Although the practice of Yoga may help in the development of the mind and body, Yoga should not be considered an alternative to modern medicine. It is advised not to rely on Yoga alone to treat any condition. Kindly consult a qualified doctor for proper treatment. Additionally, any asana practice should be done under the supervision of a qualified trainer. 

Researchers have found that Parsvottanasana may aid in digestion. Parsvottanasana is believed to strengthen the abdominal muscles and stimulate the abdominal organs which may enhance digestion.

Dr. Rajeev Singh, BAMS

Also Read: Sciatica Stretches: Research-Based Guide for Pain Relief

Risks of Parsvottanasana: 

Conditions, where Parsvottanasana should be performed with caution, are:  

  • As Parsvottanasana is an intense side stretch and is all about balance, caution must be taken if you find balancing asanas challenging. In this situation, you may seek the support of a wall. 

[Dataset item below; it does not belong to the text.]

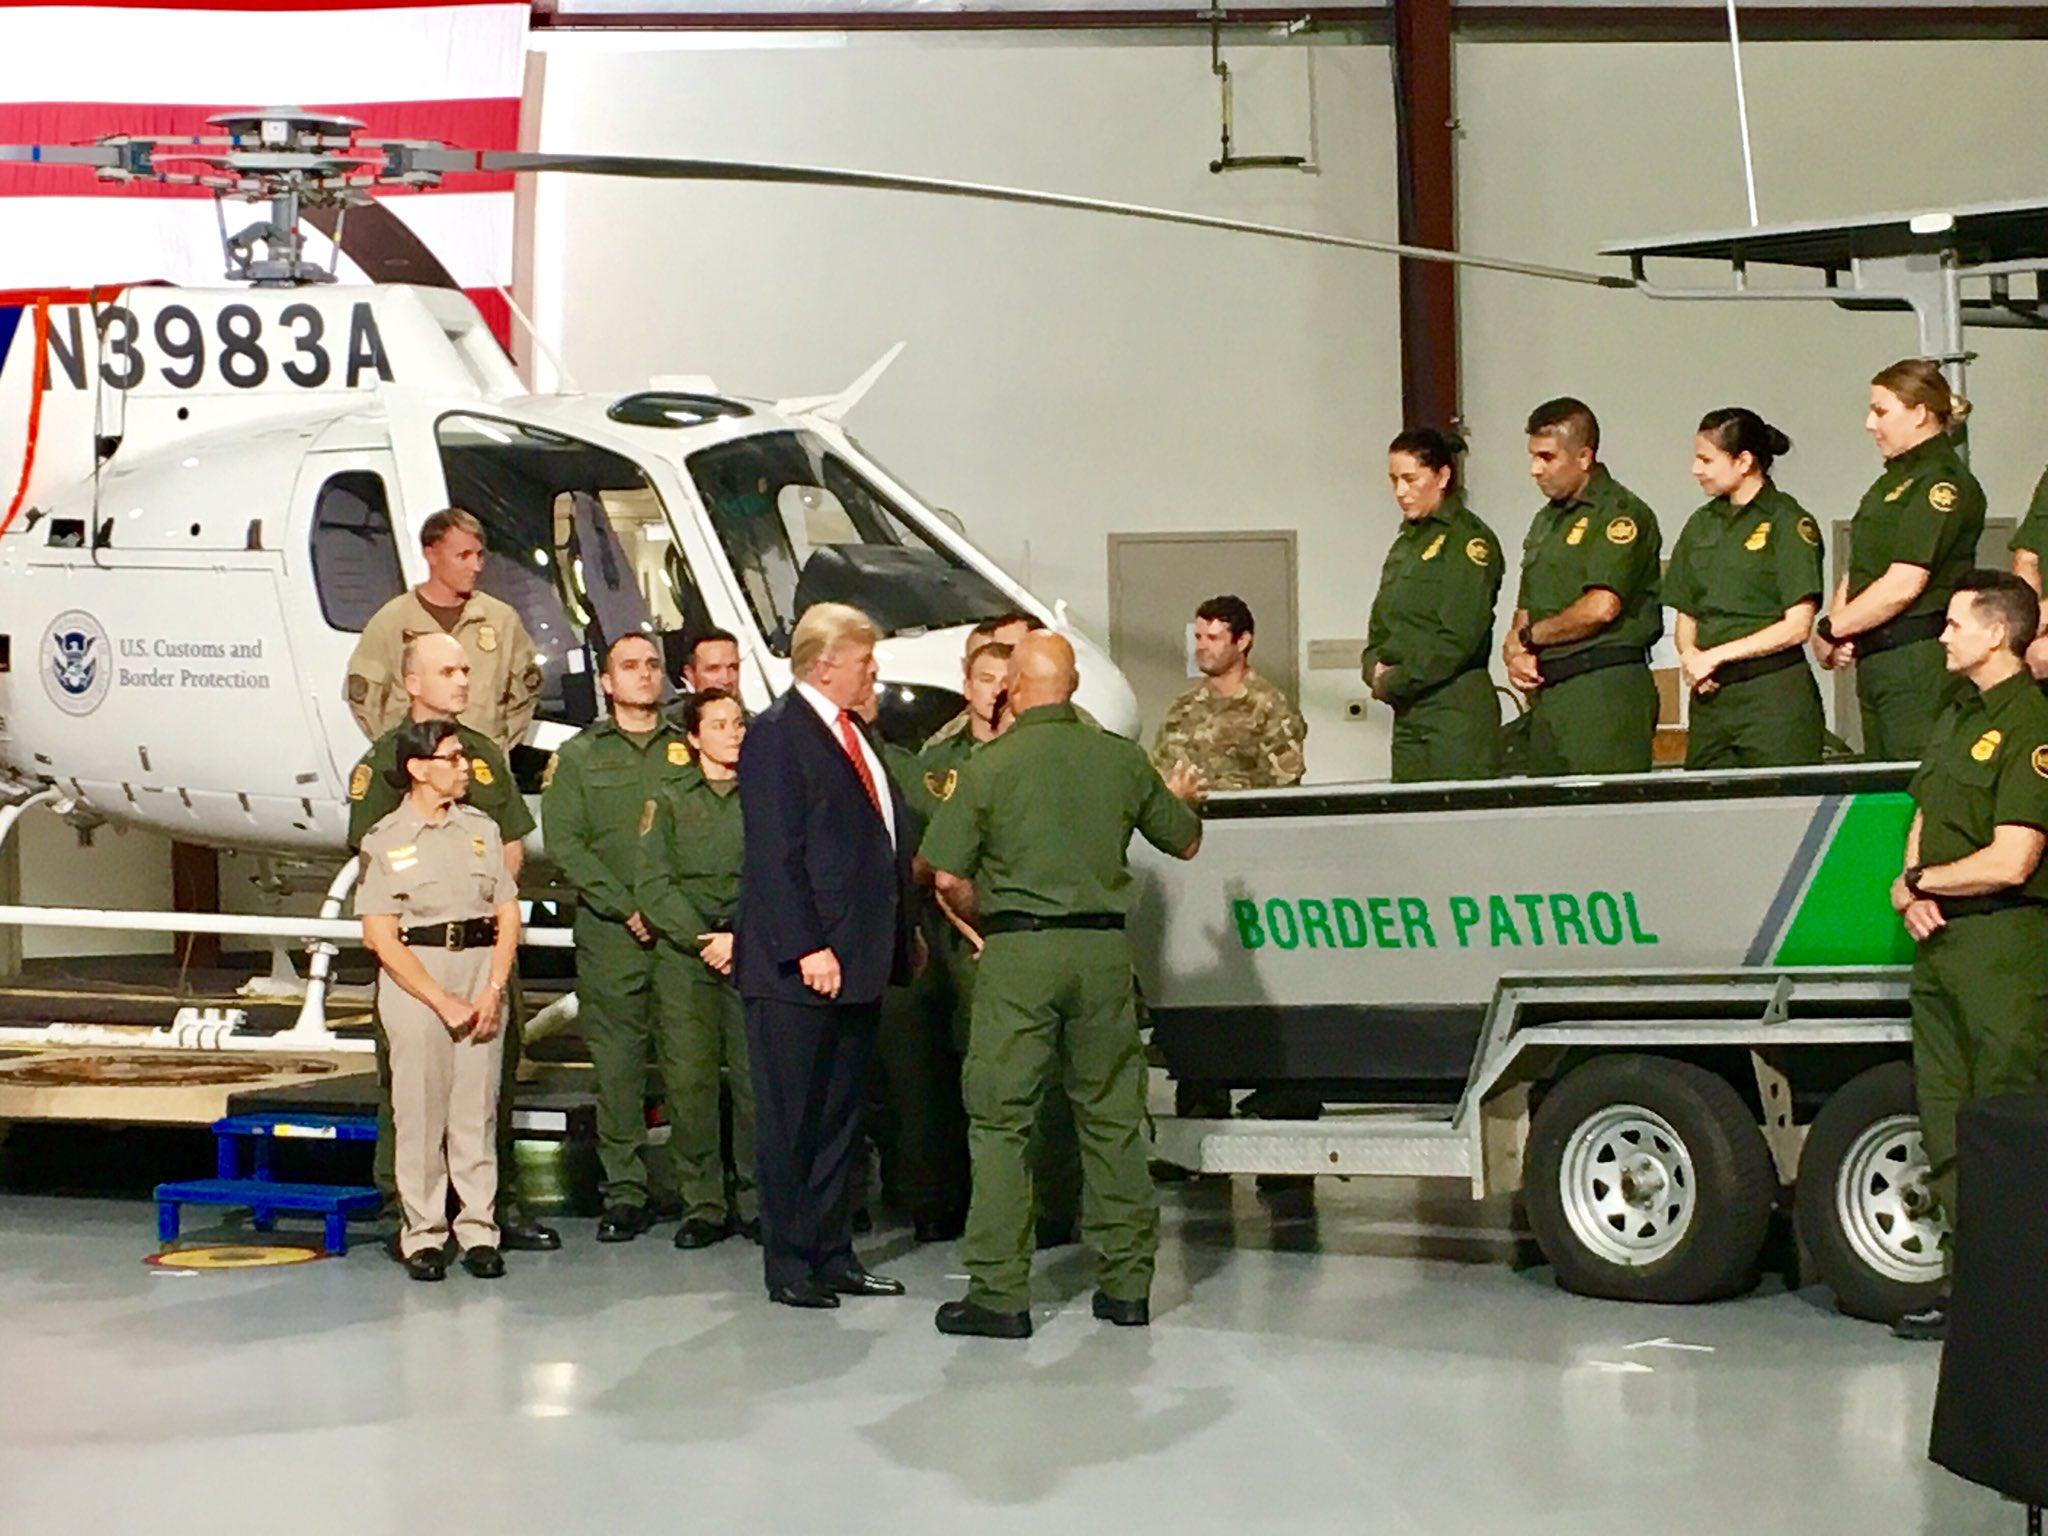 .@POTUS visits w/ @CustomsBorder and @ICEgov agents in Yuma, AZ. https://t.co/SaJ0ij4rJf

Conditions where Parsvottanasana is contraindicated, include:  

  • There is no data regarding the safety of this asana in pregnancy, children and the elderly. It is always advised to consult a qualified trainer if you want to adopt this yoga practice into your routine. 
  • In general, you should refrain from the practice of yoga asanas if you have any injuries, sciatica, surgeries, dizziness, etc. 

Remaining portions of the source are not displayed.